Directions for this task - For this exercise, copy the data exactly and omit any images.

Recorded data -
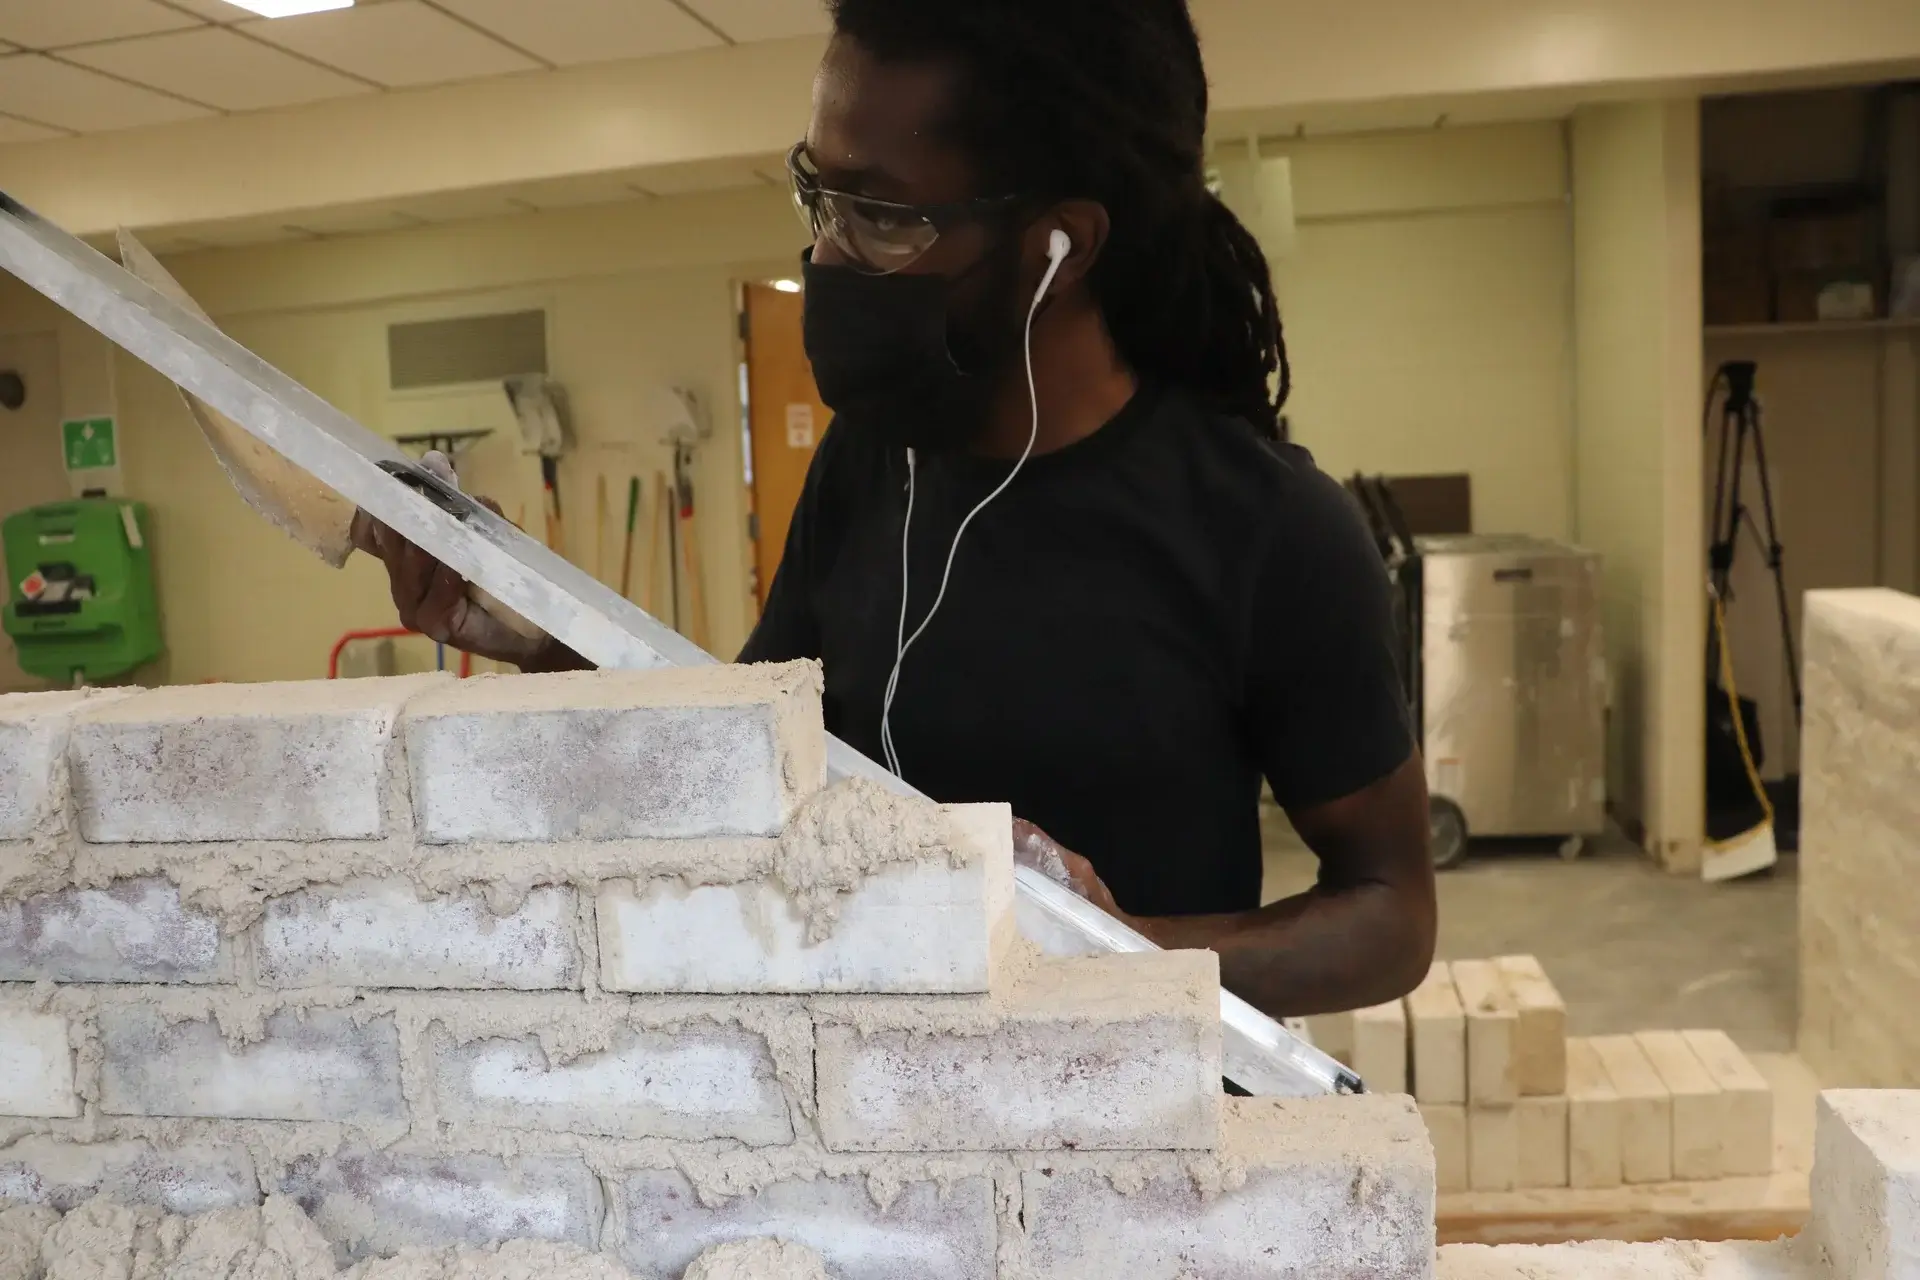 Masonry Jobs In Manufacturing: Creating Quality Products
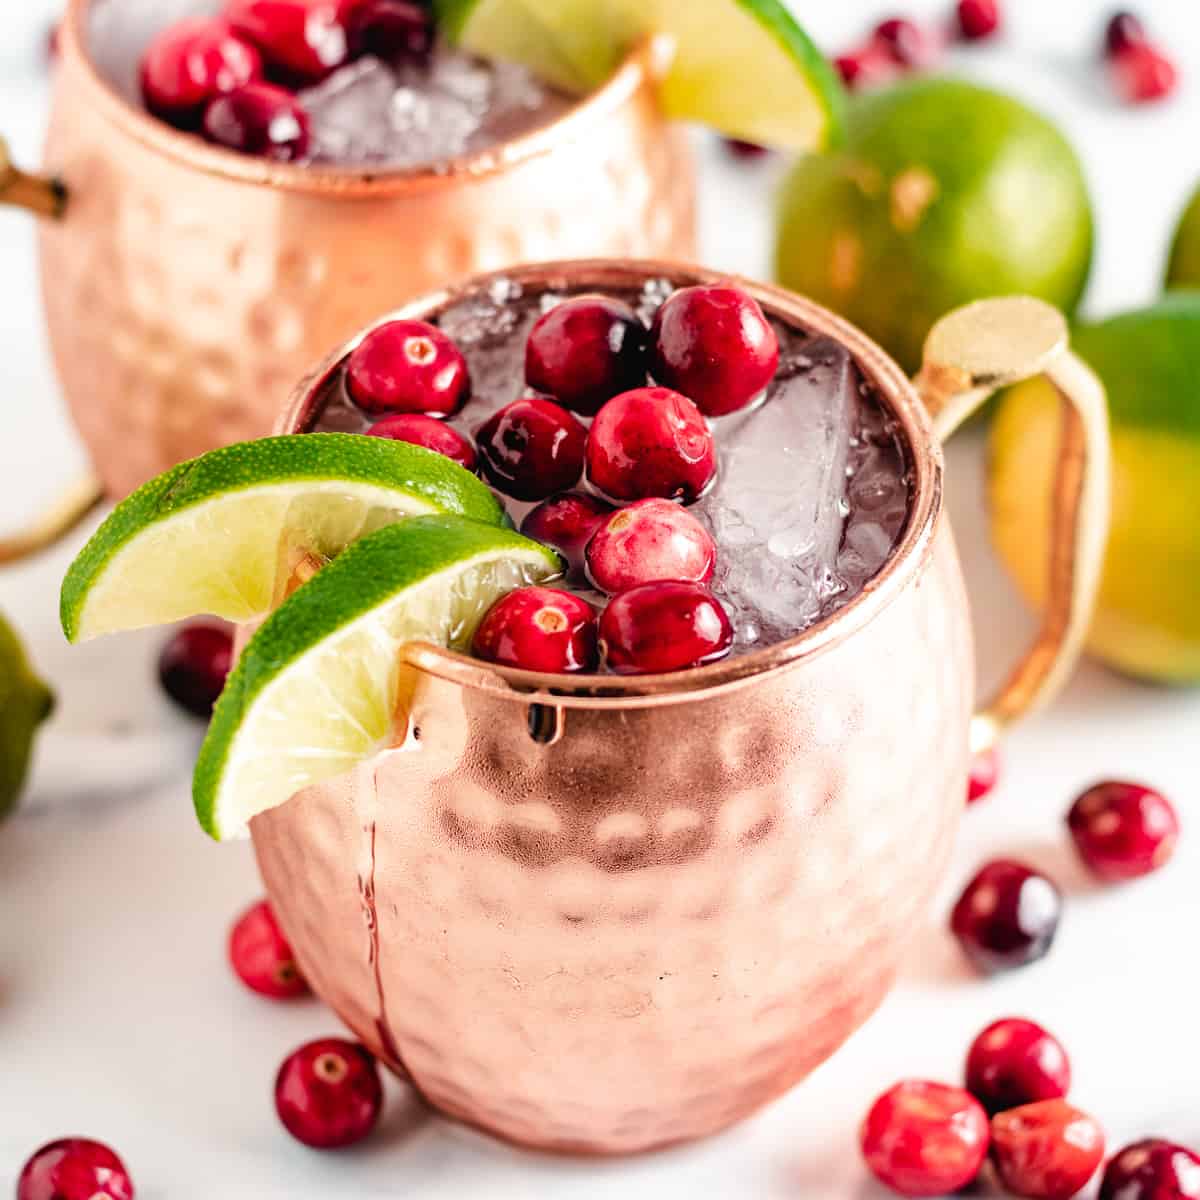 Cranberry moscow mule
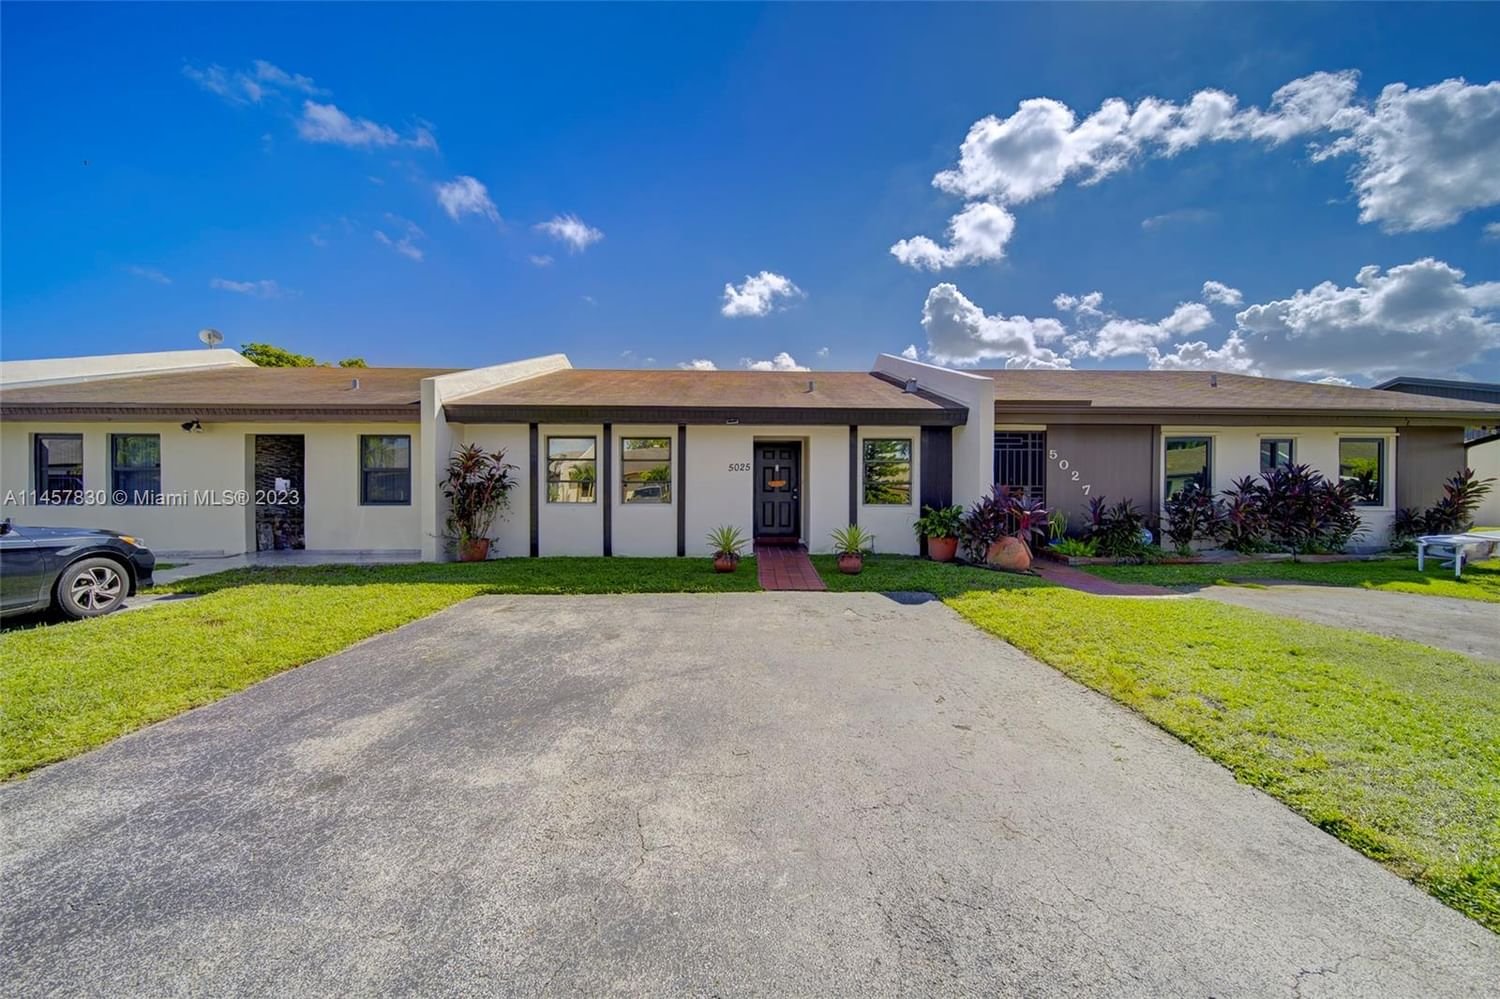 Real estate property located at 5025 139th Pl, Miami-Dade County, BENT TREE CENTER, Miami, FL

Answer for the task -
 Masonry Jobs In Manufacturing: Creating Quality Products
 Cranberry moscow mule
 Real estate property located at 5025 139th Pl, Miami-Dade County, BENT TREE CENTER, Miami, FL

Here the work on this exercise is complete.